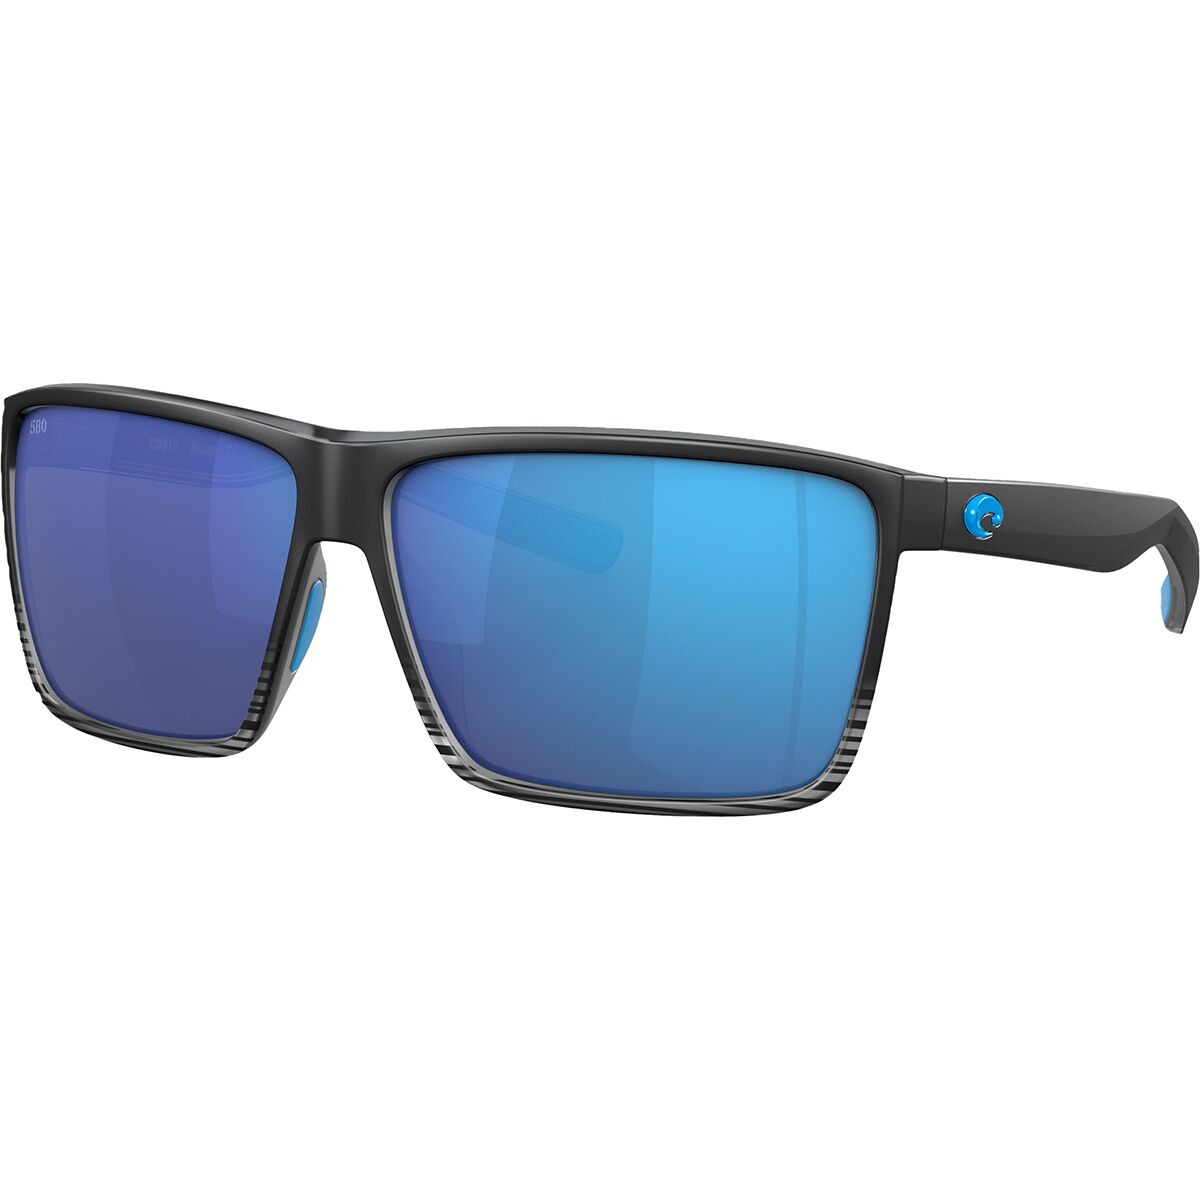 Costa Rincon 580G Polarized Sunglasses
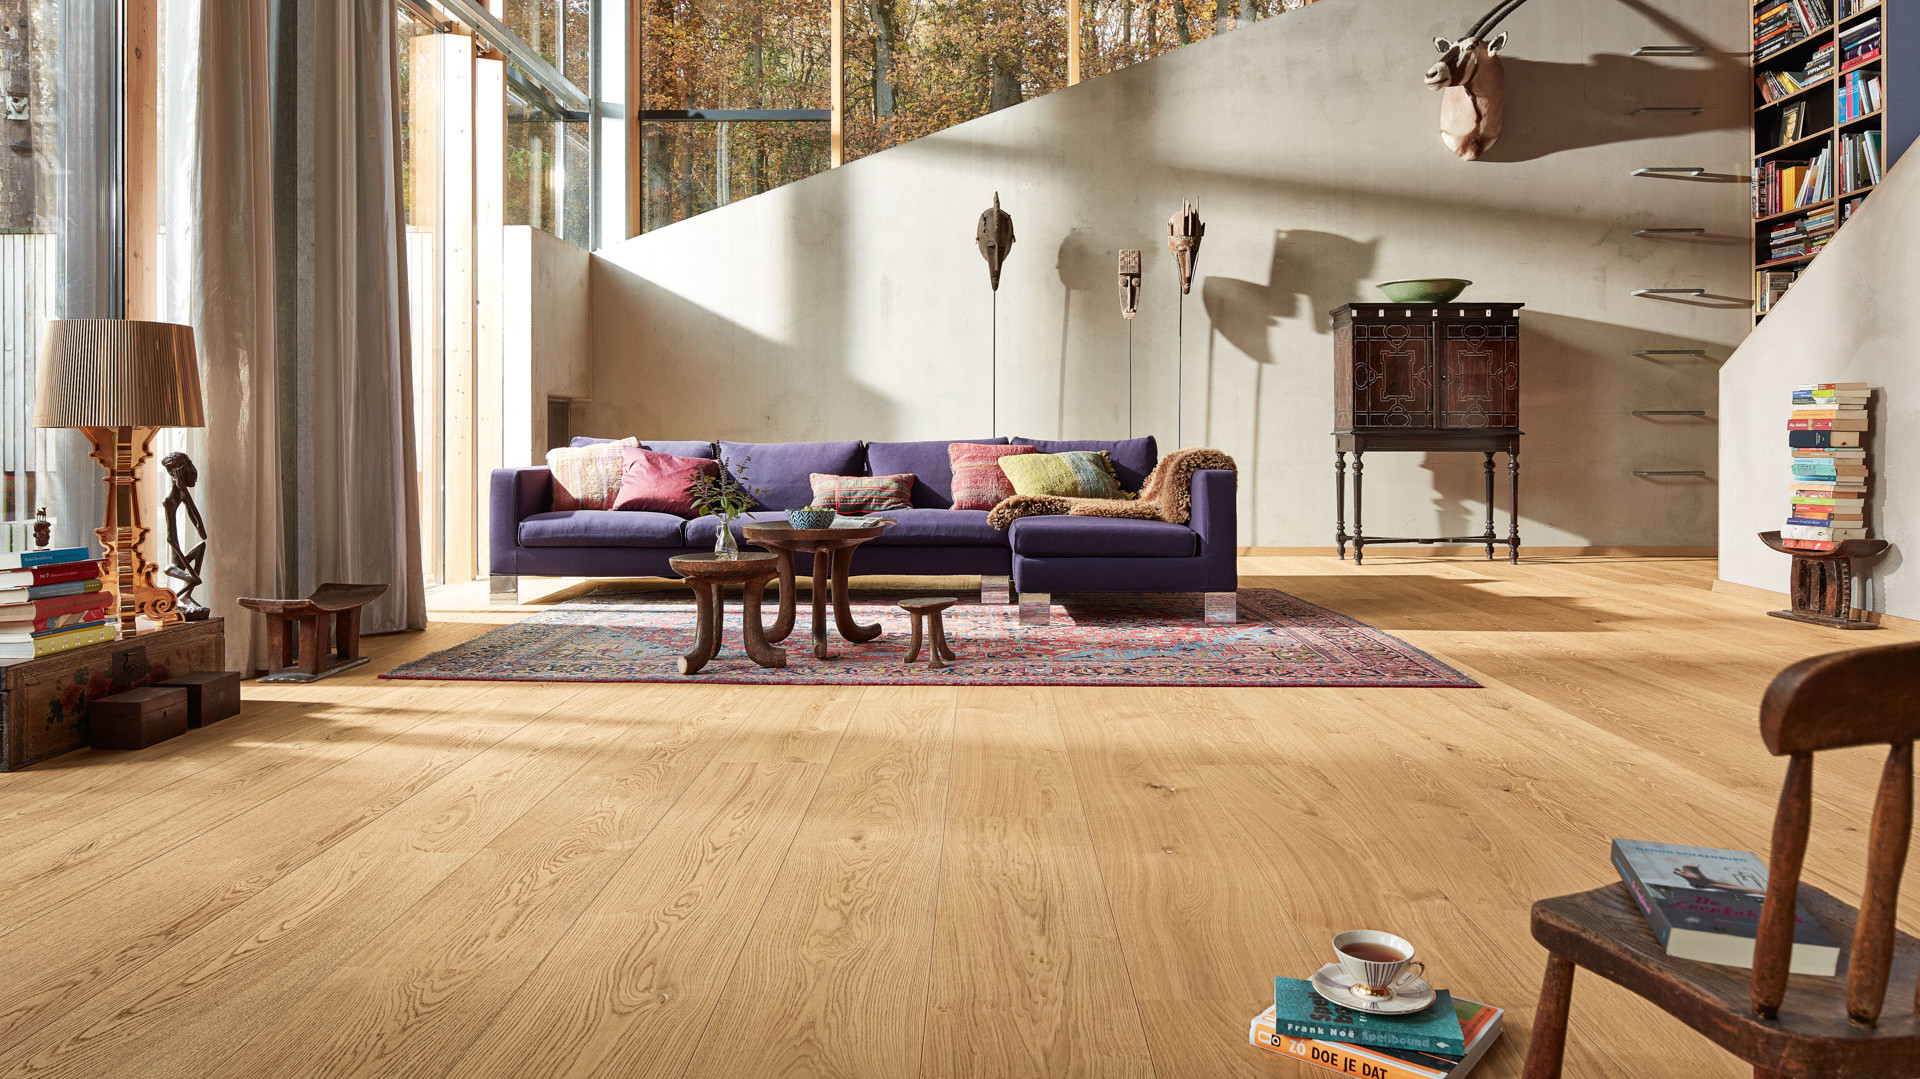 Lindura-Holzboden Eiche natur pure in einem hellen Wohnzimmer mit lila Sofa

* * *

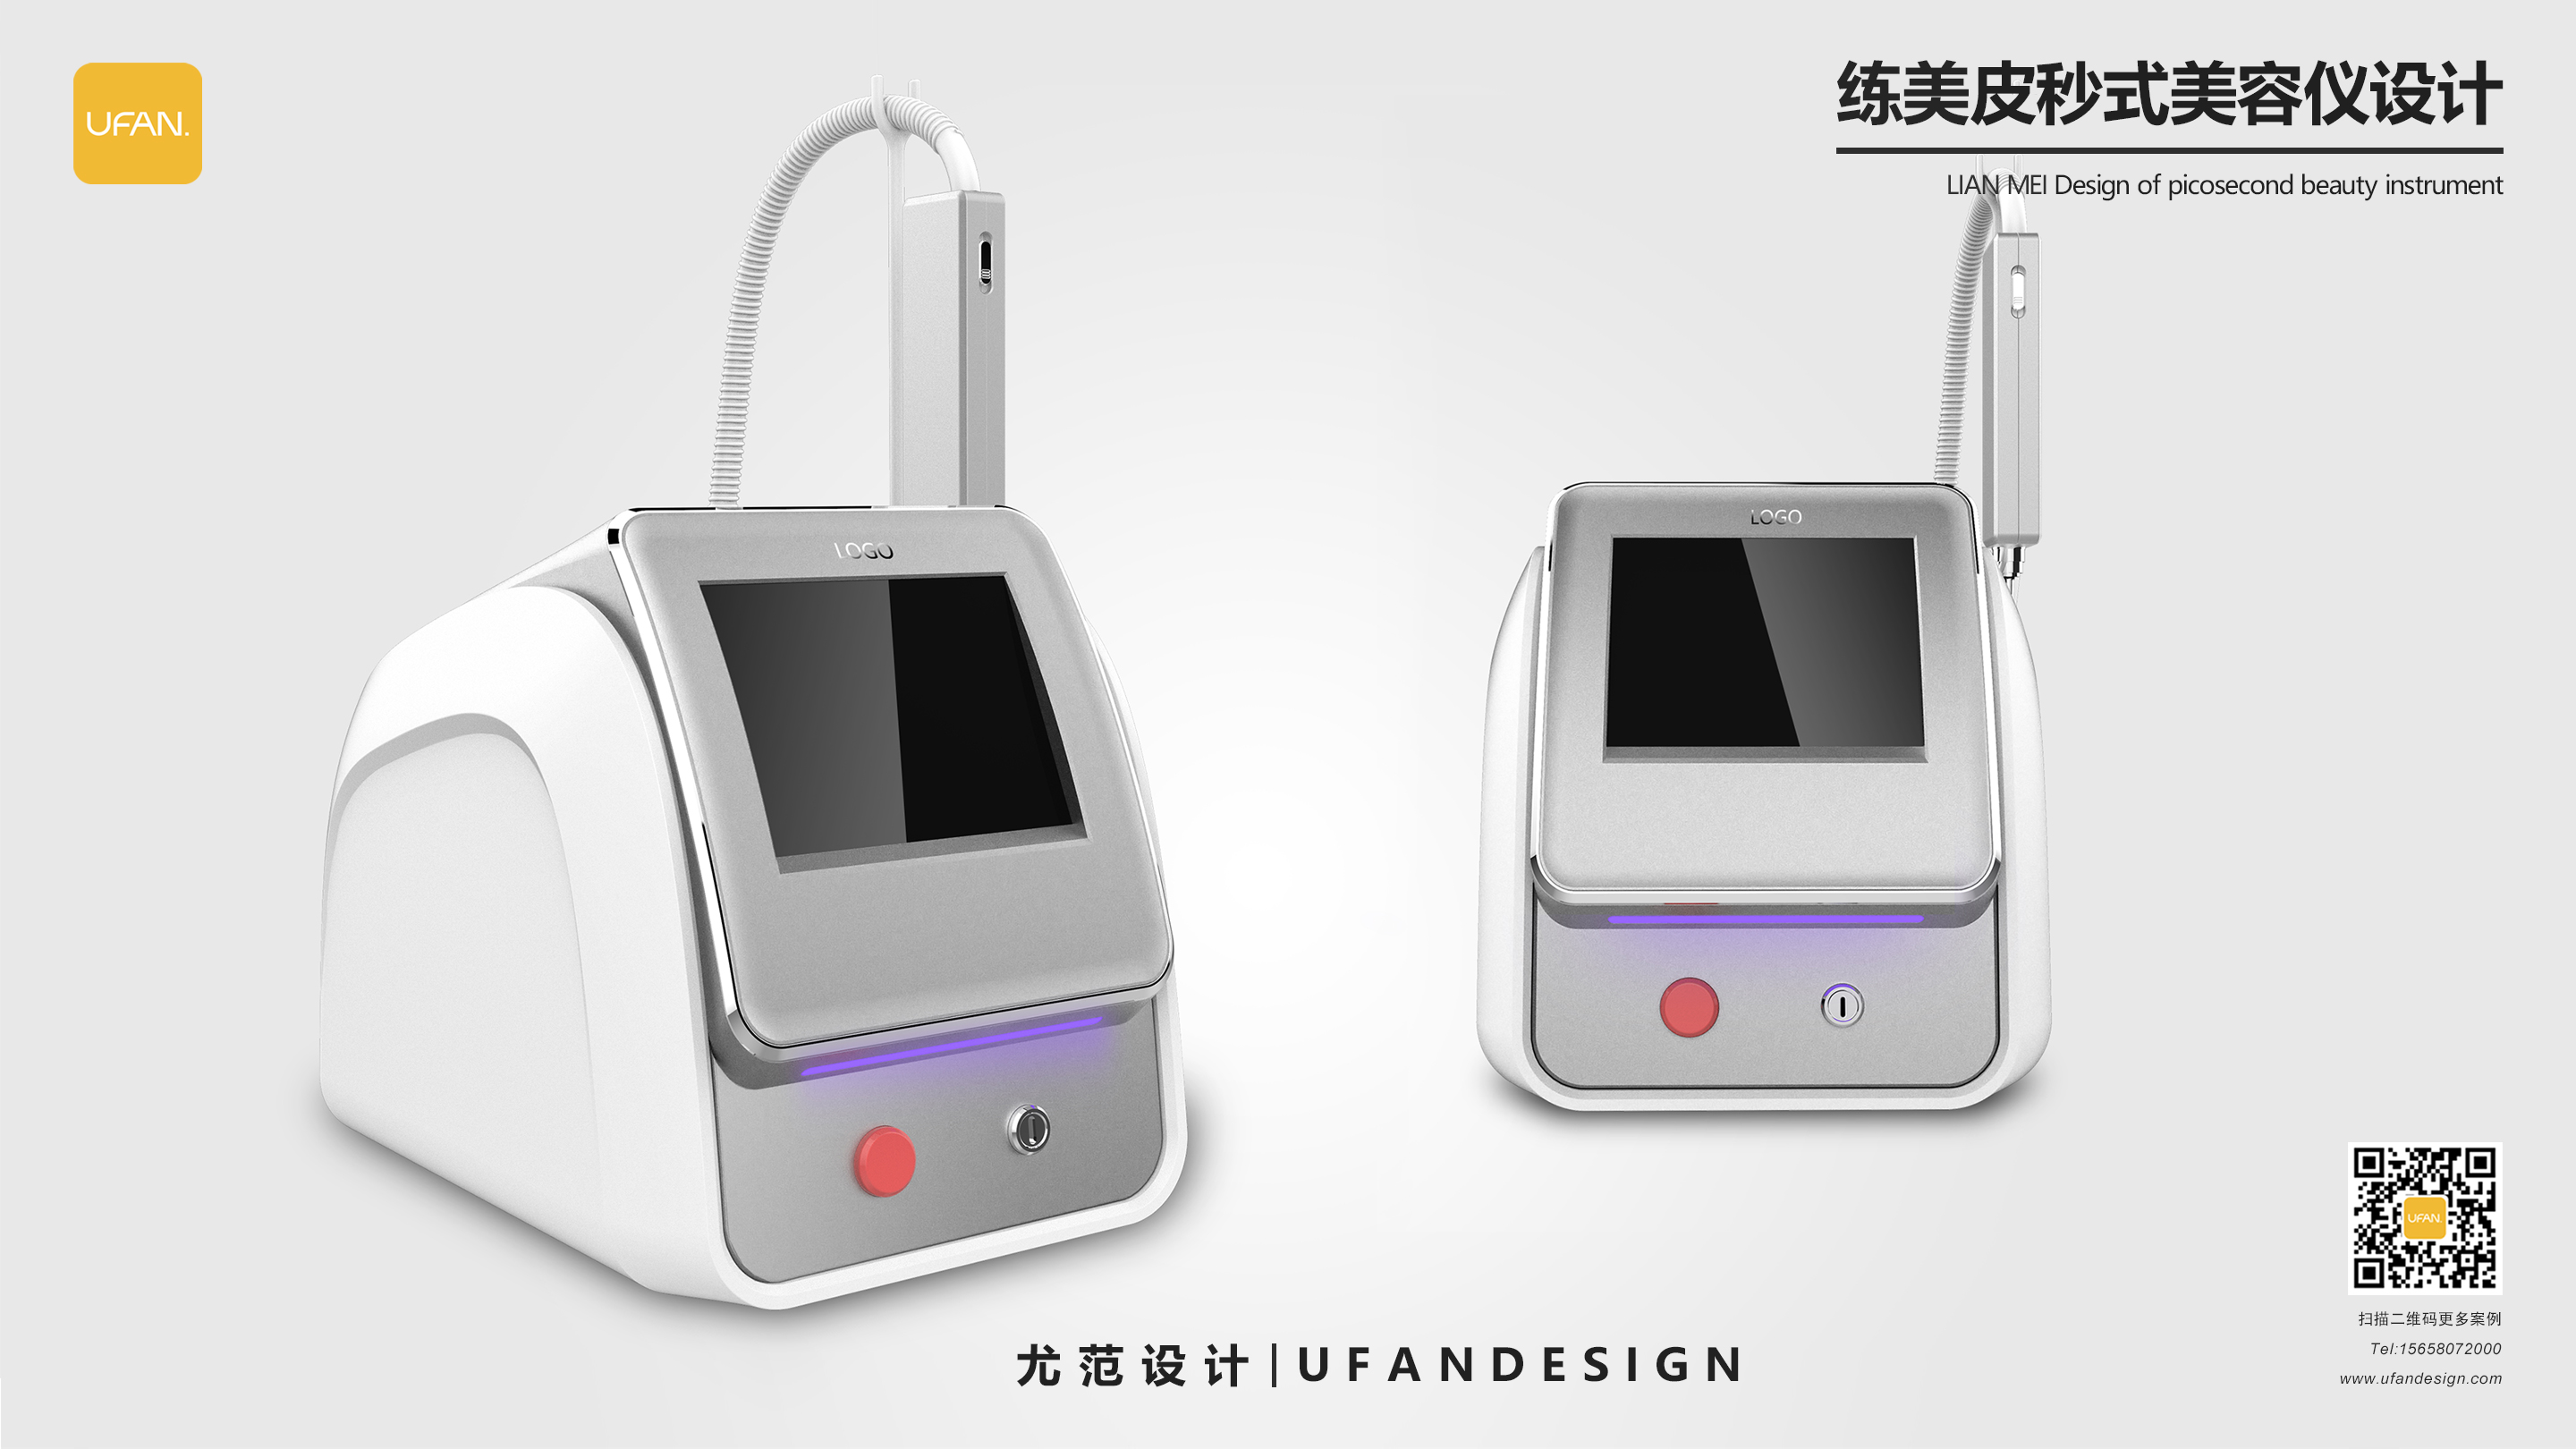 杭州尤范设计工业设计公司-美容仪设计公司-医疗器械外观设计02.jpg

--

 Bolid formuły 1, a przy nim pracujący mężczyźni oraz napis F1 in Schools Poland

**EXERCISE GOAL**
Please copy the lines above exactly, starting at the line that holds "Costa Rincon 580G Polarized Sunglasses" and ending at the line that holds "Lindura-Holzboden Eiche natur"; include both, but no pictures.

**SOLUTION TO THIS EXERCISE**
 Costa Rincon 580G Polarized Sunglasses
 Lindura-Holzboden Eiche natur pure in einem hellen Wohnzimmer mit lila Sofa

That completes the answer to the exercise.